Once Layer is installed, you need to log in to your Layer account. The created data will be stored under this account. Therefore, this step is a must.

In [None]:
import layer
layer.login()

## Create a project
The next step is to create a project. The dataset will be saved under this project.

Layer Projects are smart containers to organize your machine learning metadata such as models, datasets, metrics, reports etc. They associate some combination of datasets and models.

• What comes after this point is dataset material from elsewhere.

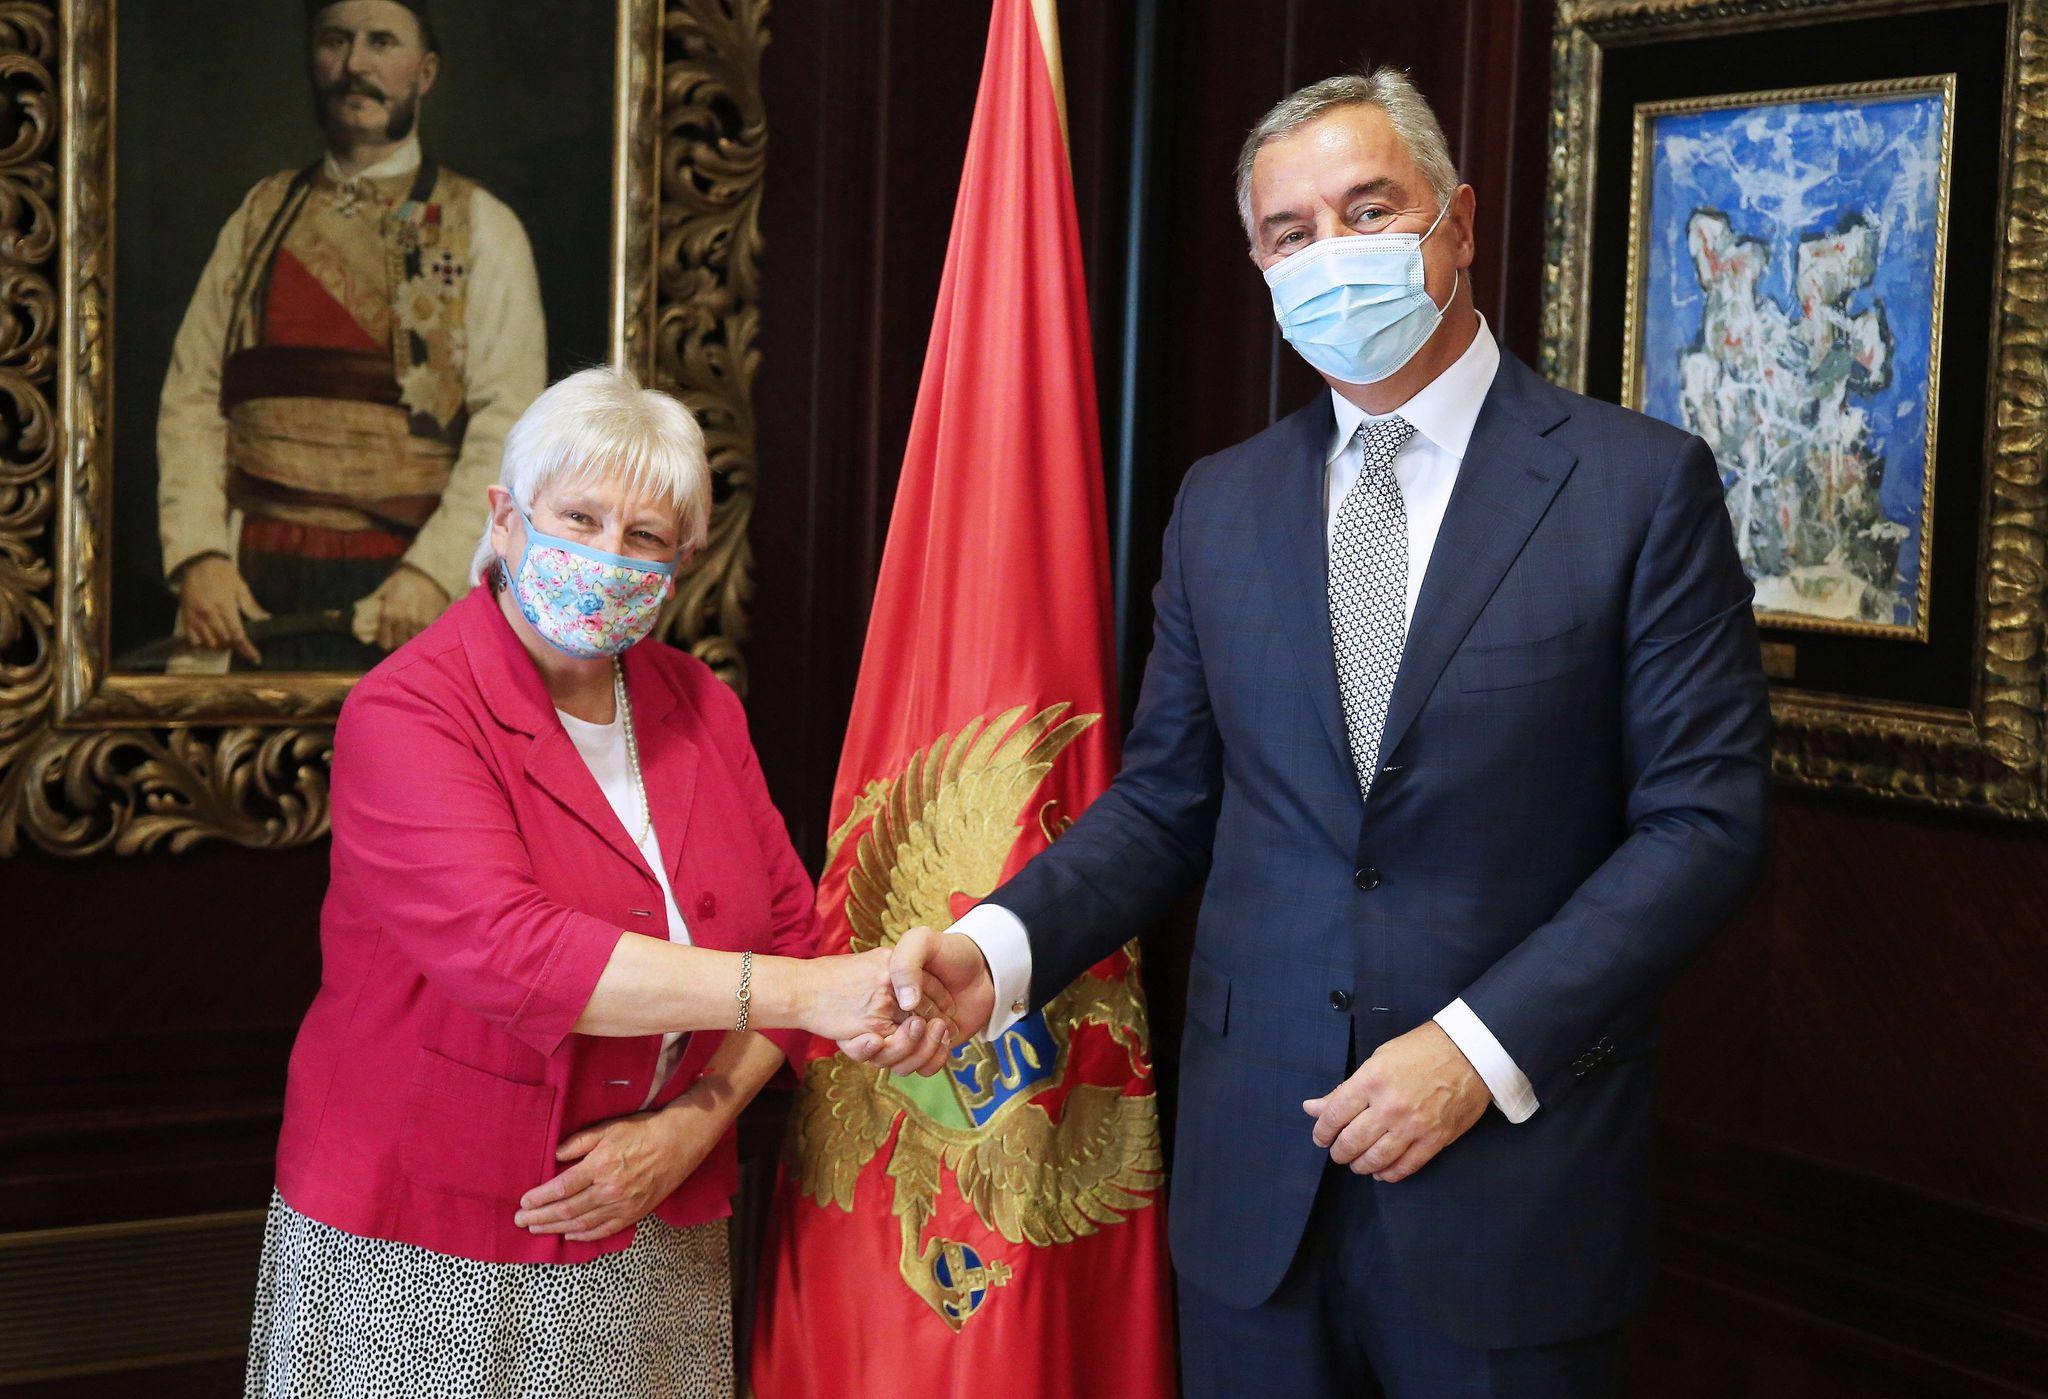 Το Ηνωμένο Βασίλειο και το Μαυροβούνιο υπογράμμισαν την κοινή δέσμευση στο ΝΑΤΟ για την επίσκεψη του Carrier Strike Group

Layer projects are basically the front page of your ML projects which includes all your ML metadata including ML models, datasets, metric, parameters and more.

In Layer, projects are created using the `layer.init` command while passing the name of the project.

In [3]:
layer.init("iris")

Your Layer project is here: https://app.layer.ai/layer/iris

⬆️Click this link to visit your Layer Project page.

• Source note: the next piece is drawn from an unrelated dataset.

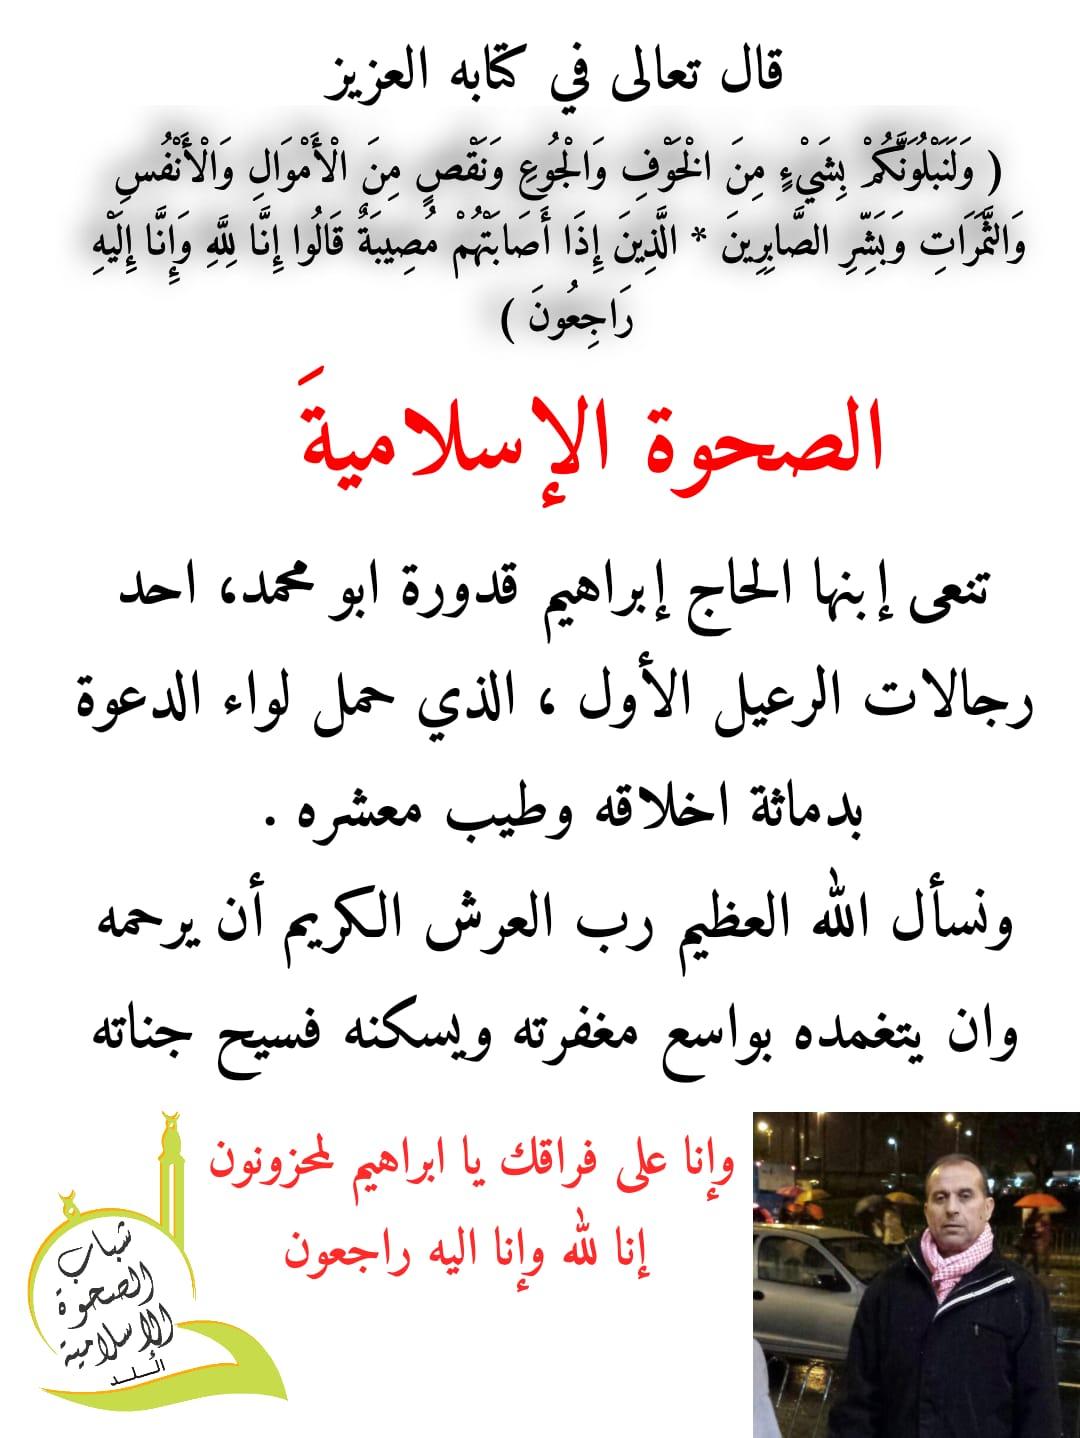 الصحوة الإسلامية في اللد تنعي الحاج ابراهيم قدورة أبو محمد

## Create your dataset function
The first step is to define a dataset function that will load the data and do any pre-processing that you'd like.



In [26]:
import wget
wget.download("https://raw.githubusercontent.com/layerai/examples/main/tutorials/add-datasets-to-layer/iris.csv")
def save_iris():
  data_file = 'iris.csv'
  import pandas as pd
  df = pd.read_csv(data_file)
  classes = df['Species'].nunique()
  # Log data about your data
  print(f"Number of classes {classes}")
  return df

In [27]:
df = save_iris()

Number of classes 3


In [28]:
df.head()

Unnamed: 0,Id,SepalLengthCm,SepalWidthCm,PetalLengthCm,PetalWidthCm,Species
0,1,5.1,3.5,1.4,0.2,Iris-setosa
1,2,4.9,3.0,1.4,0.2,Iris-setosa
2,3,4.7,3.2,1.3,0.2,Iris-setosa
3,4,4.6,3.1,1.5,0.2,Iris-setosa
4,5,5.0,3.6,1.4,0.2,Iris-setosa


## Saving the data to Layer
We can interact with Layer using decorators. Layer has built-in decorators for different purposes. In this case, we are interested in the [@dataset](http://docs.app.layer.ai/docs/sdk-library/dataset-decorator) decorator is used to create new datasets. 

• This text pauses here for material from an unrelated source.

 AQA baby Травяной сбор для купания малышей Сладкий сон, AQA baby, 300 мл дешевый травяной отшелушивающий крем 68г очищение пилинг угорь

Let's demonstrate how to use the [@dataset](http://docs.app.layer.ai/docs/sdk-library/dataset-decorator) decorator by saving the Iris dataset.


If your dataset depends on a file like a CSV file, you can bundle it with your decorated function with [resources](https://docs.app.layer.ai/docs/sdk-library/resources-decorator) decorator. Layer automatically uploads your local file.  The decorator expects the path to the data file.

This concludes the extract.